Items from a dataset
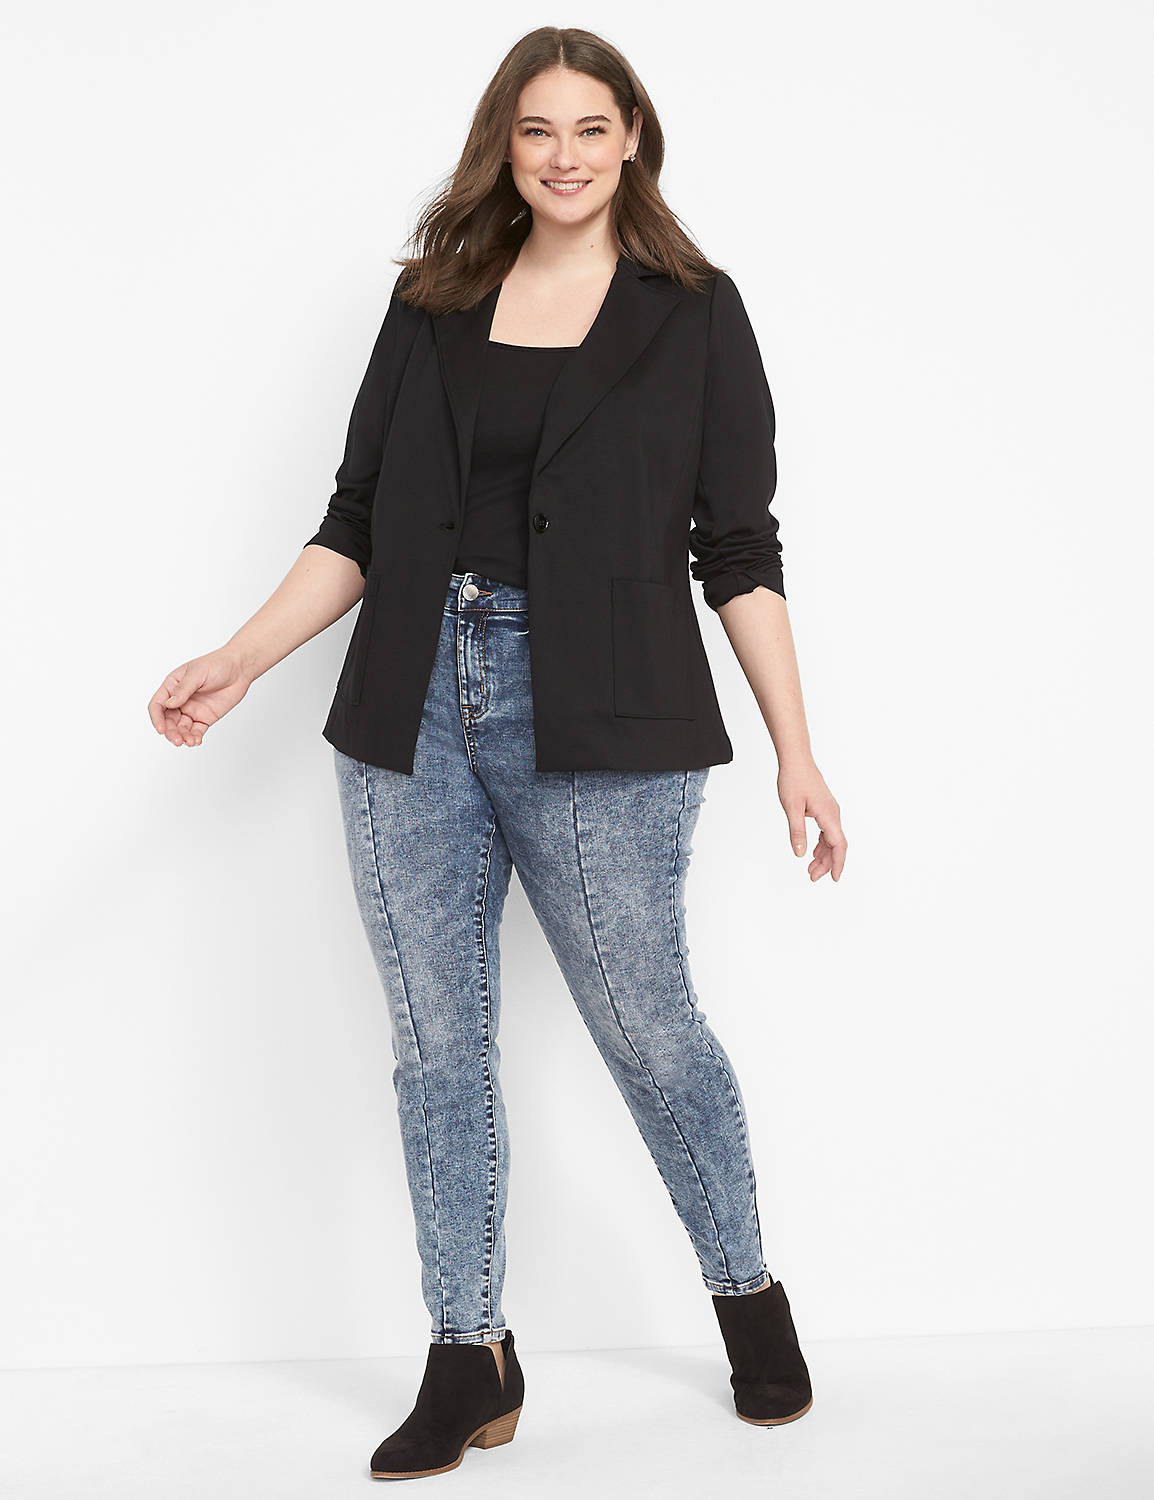 CURVY FIT HIGH RISE SKINNY - SUZANN Product Image 3
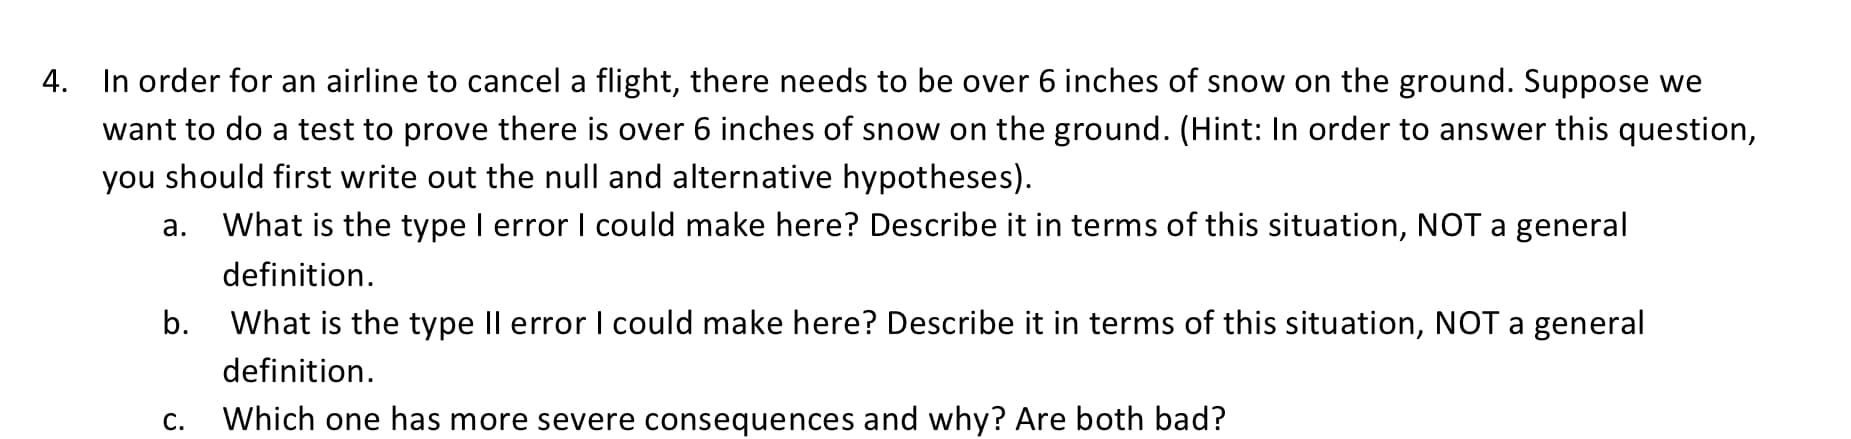 In order for an airline to cancel a flight, there needs to be over 6 inches of snow on the ground. Suppose we
want to do a test to prove there is over 6 inches of snow on the ground. (Hint: In order to answer this question,
you should first write out the null and alternative hypotheses).
What is the type I error I could make here? Describe it in terms of this situation, NOT a general
а.
definition.
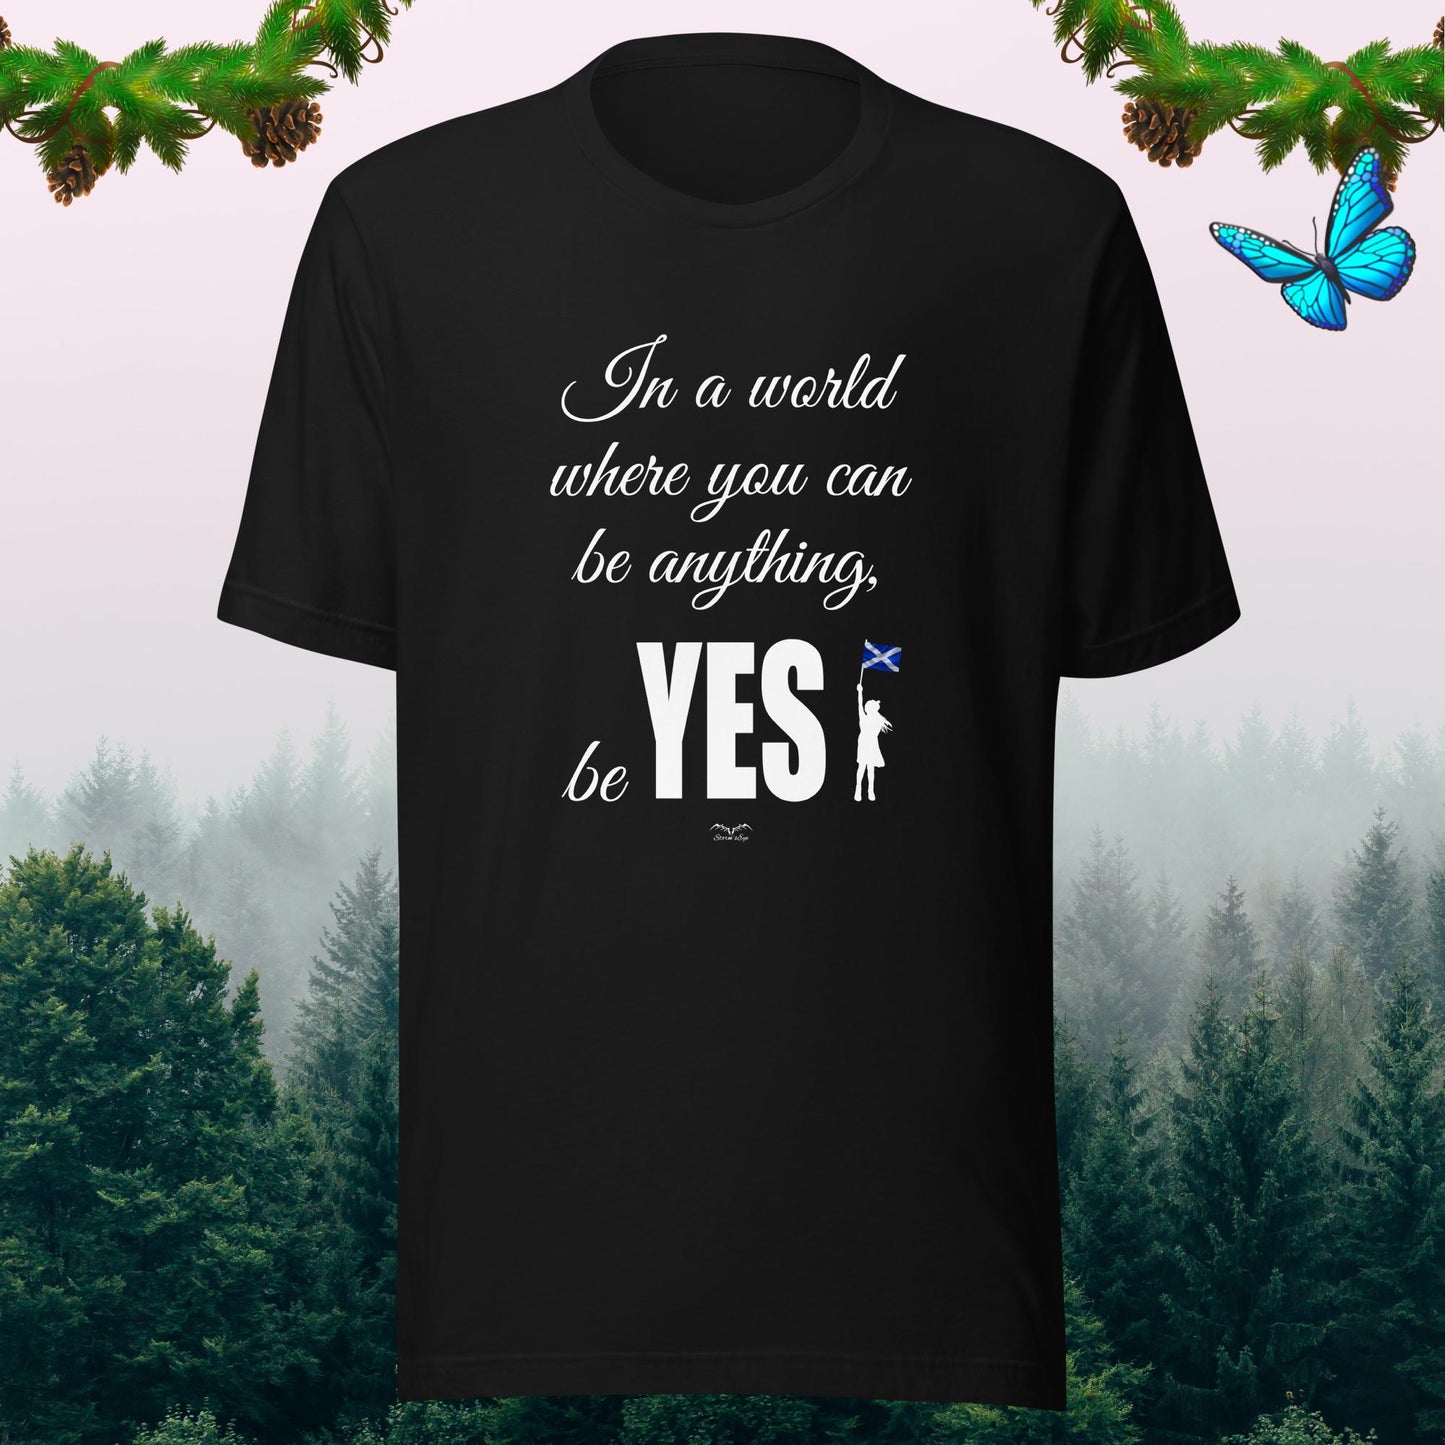 Be Yes Scottish Independence T-shirt black by stormseye design
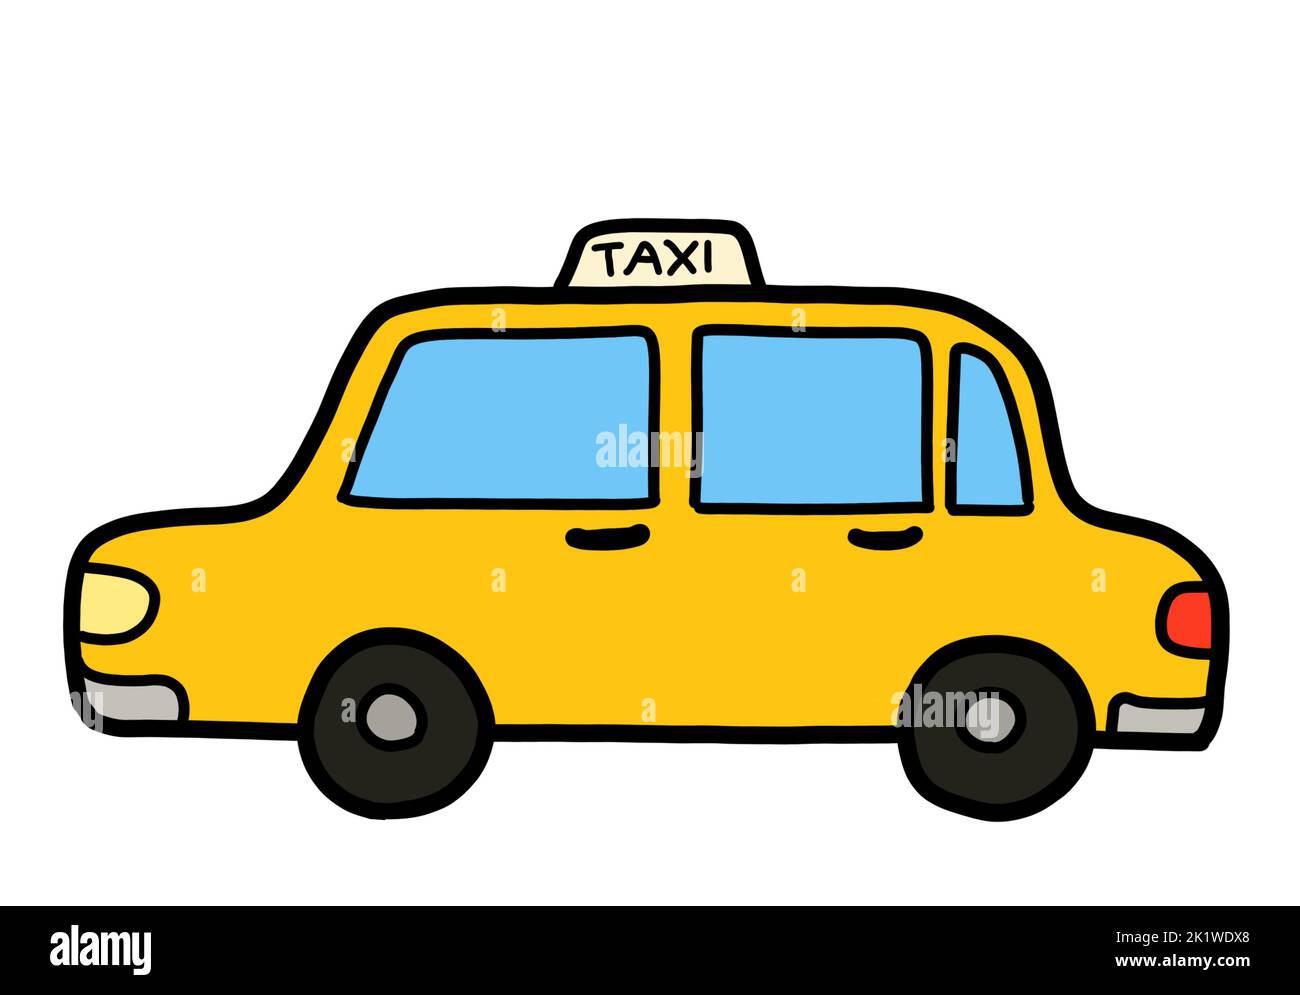 A taxi car service. Illustration drawing, isolated on white background. Stock Photo

*Work to complete*. Check every line above for the string "this" and copy those that have it.

*Your solution*.
want to do a test to prove there is over 6 inches of snow on the ground. (Hint: In order to answer this question,
What is the type I error I could make here? Describe it in terms of this situation, NOT a general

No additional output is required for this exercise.